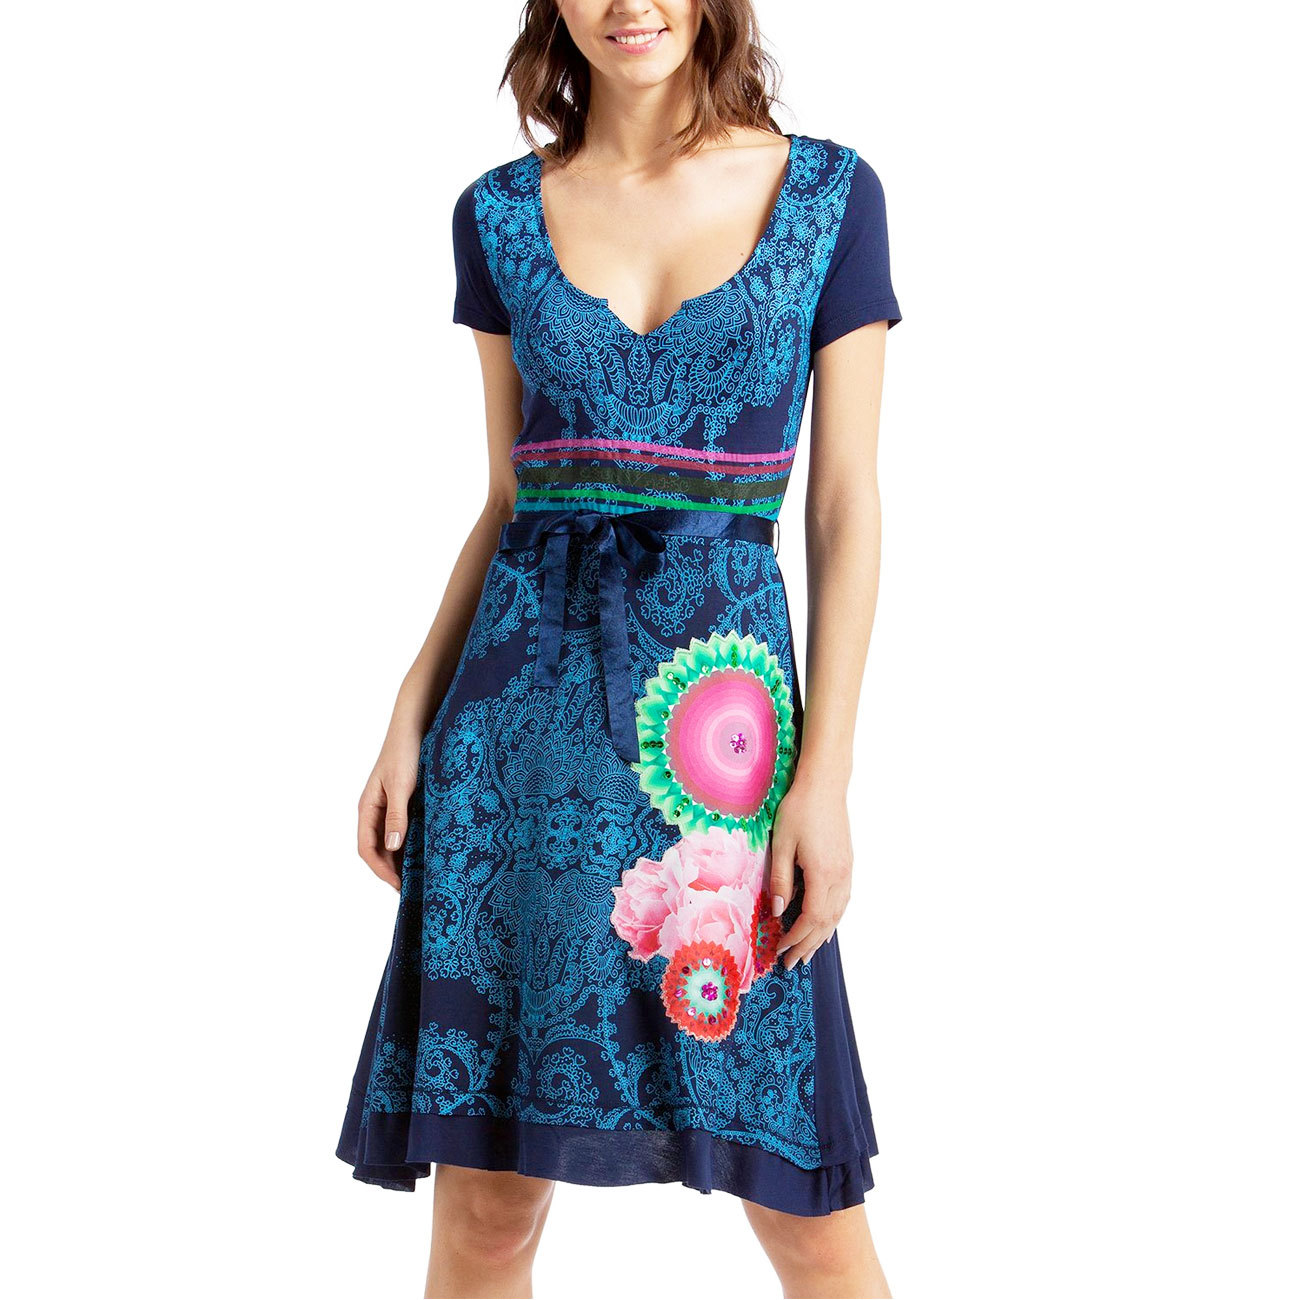 desigual damen kleid vest lorena rep blau marino 5001 42 herstellergr e xxl. Black Bedroom Furniture Sets. Home Design Ideas
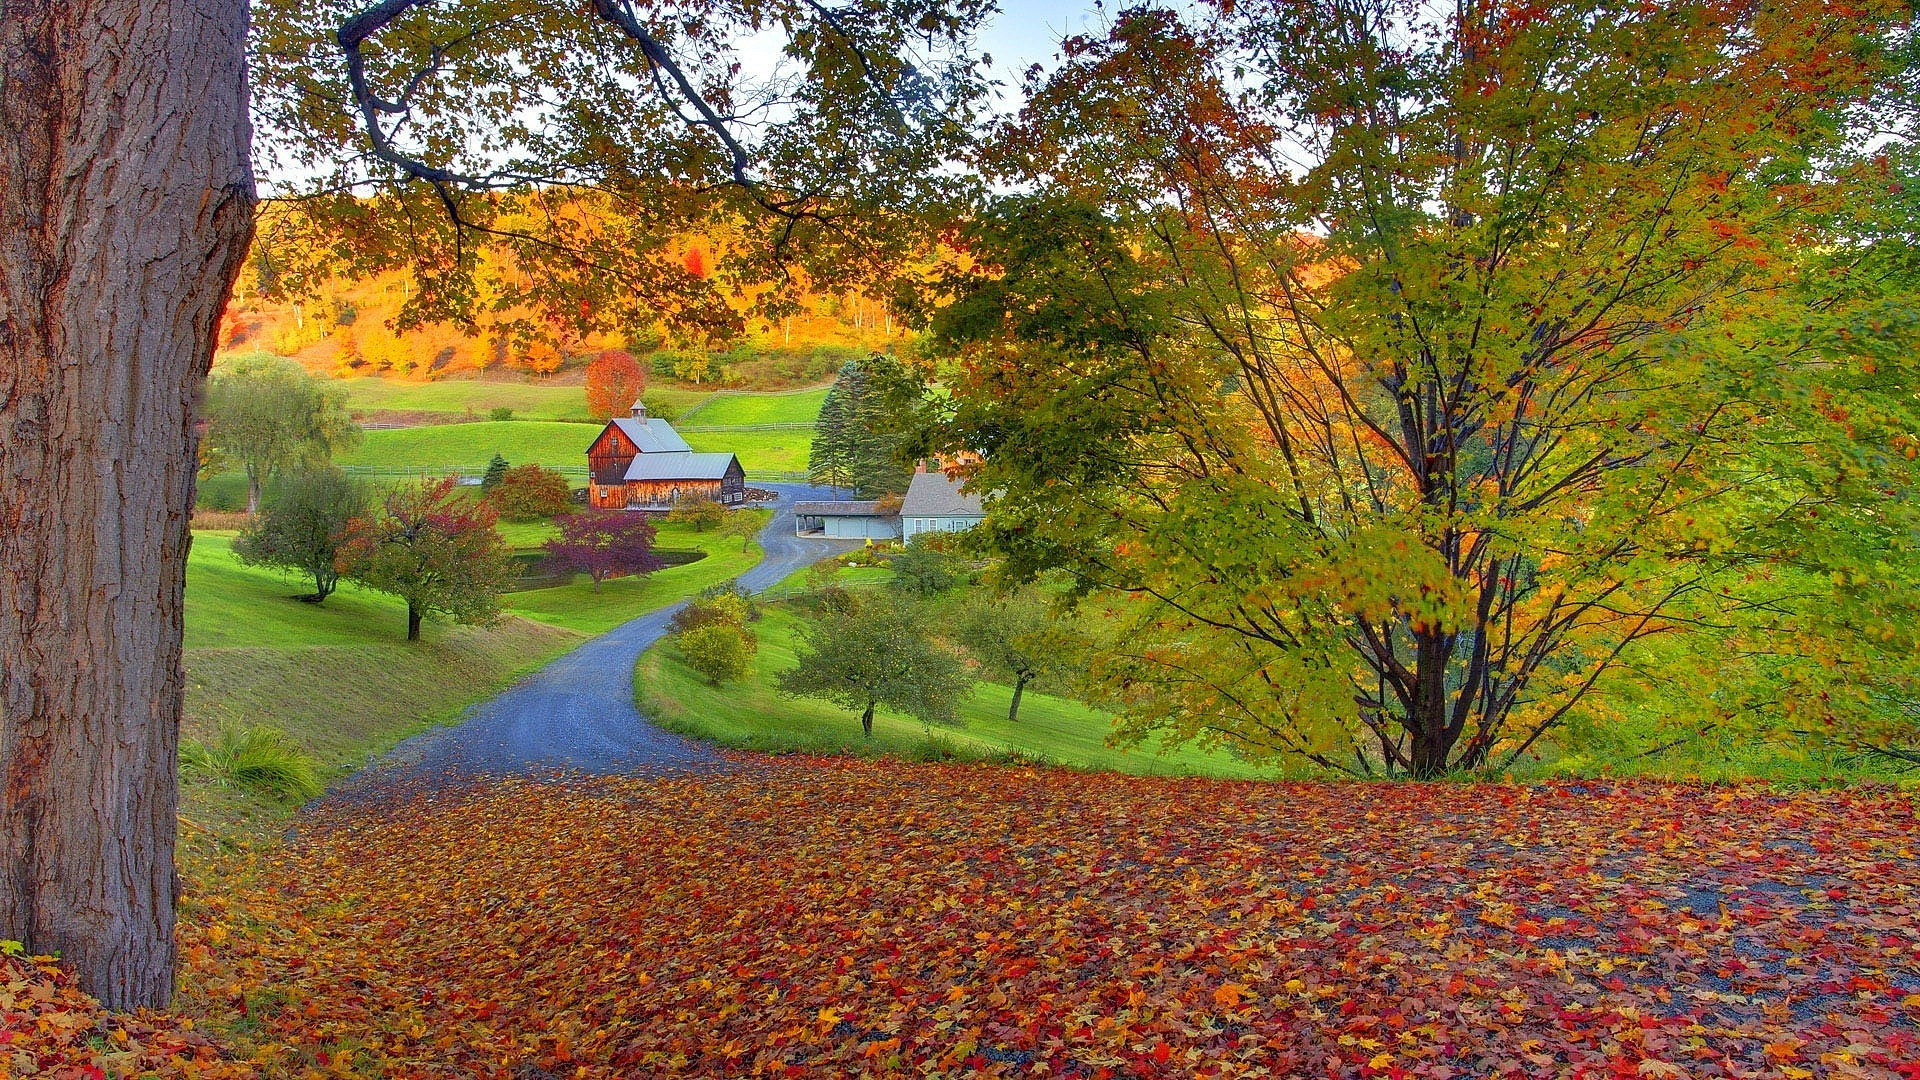 New England Fall Foliage Desktop Wallpaper New England Fall Wallpaper 183 ①
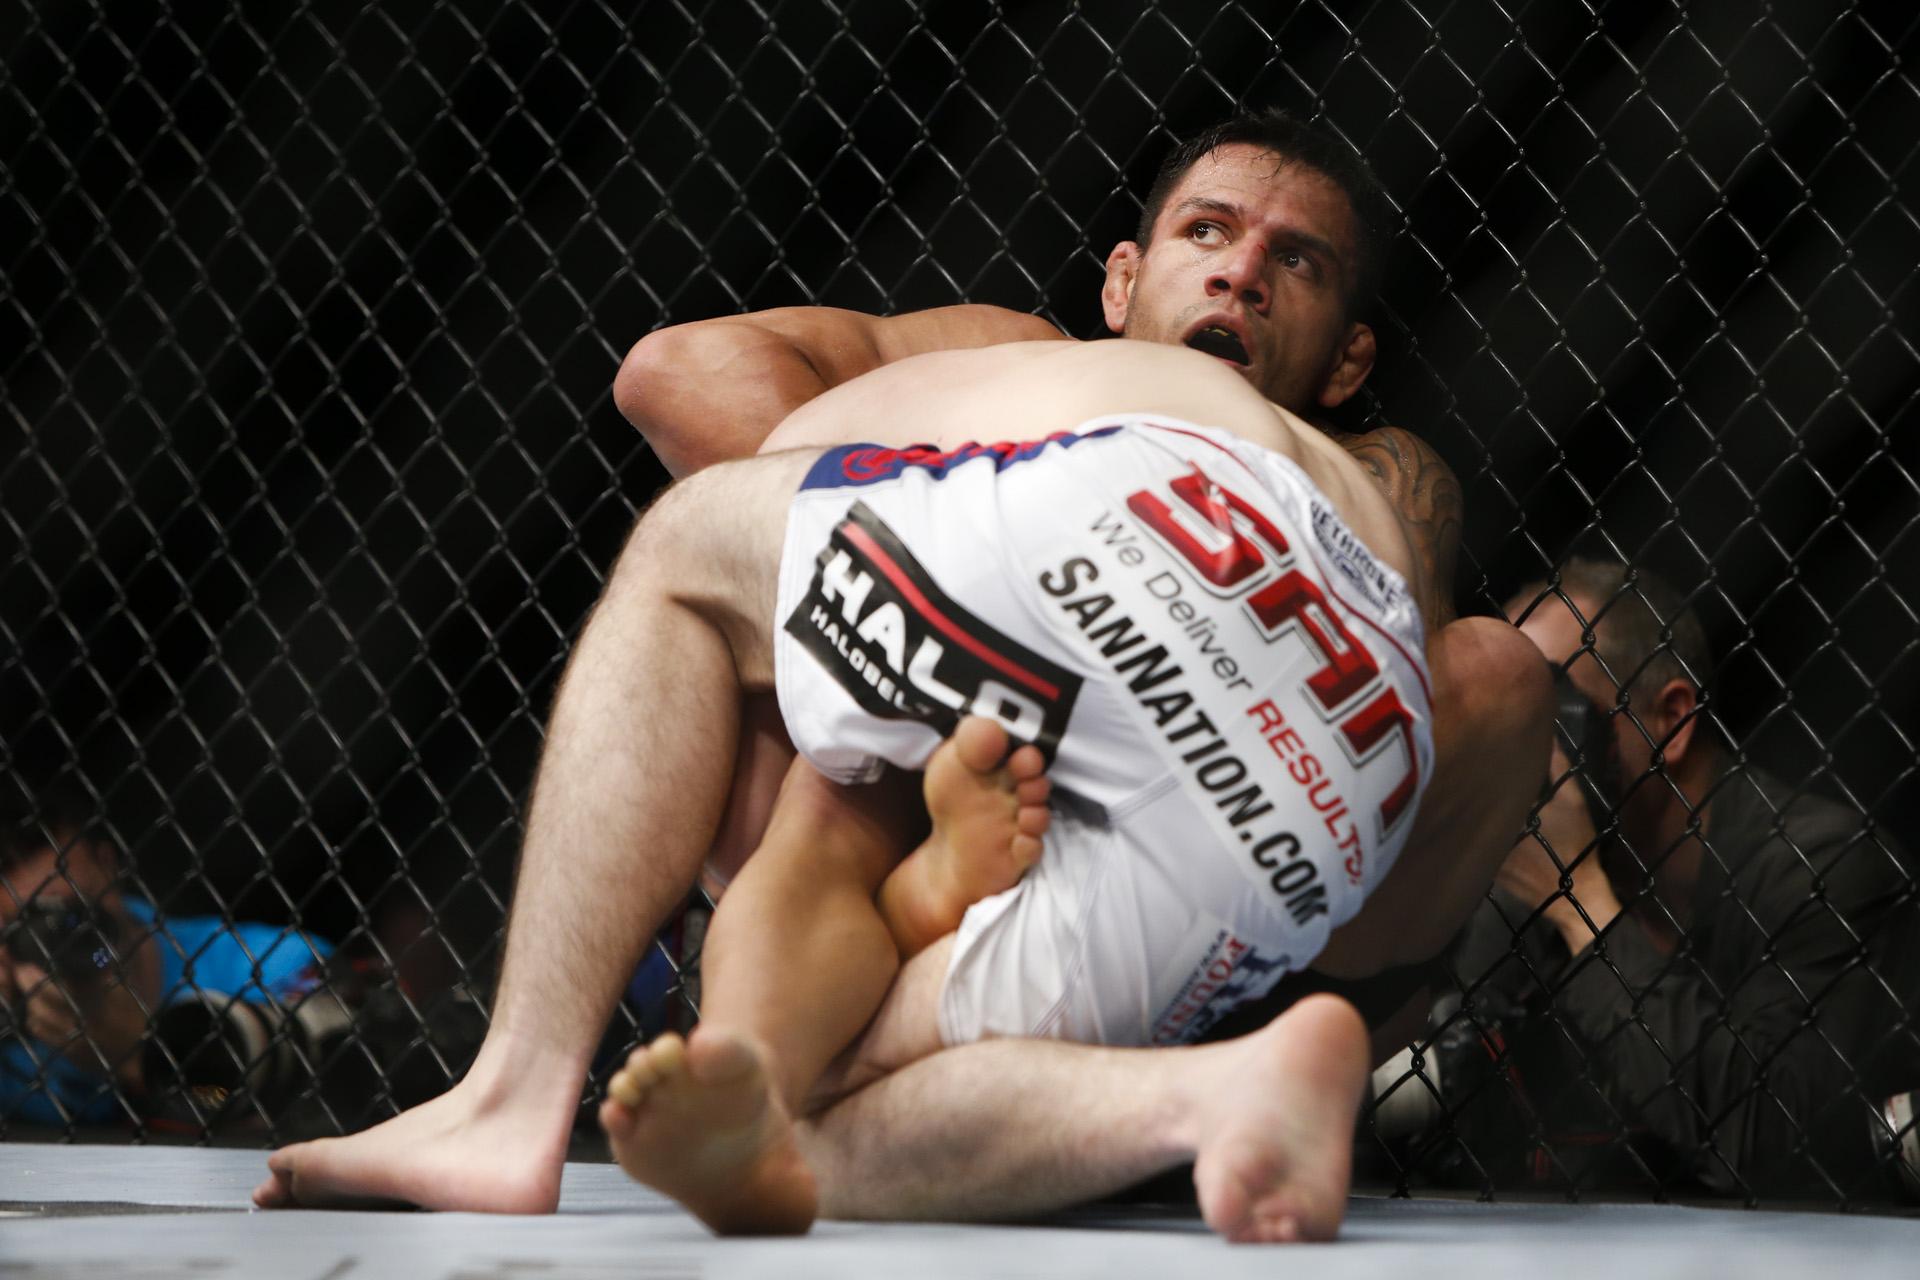 Gallery Photo: UFC on FOX 11 photos

####################

- PROMPT -
Please repeat the data verbatim and leave the pictures out of your copy.

- REPLY TO THE EXERCISE -
 desigual damen kleid vest lorena rep blau marino 5001 42 herstellergr e xxl. Black Bedroom Furniture Sets. Home Design Ideas
 New England Fall Foliage Desktop Wallpaper New England Fall Wallpaper 183 ①
 Gallery Photo: UFC on FOX 11 photos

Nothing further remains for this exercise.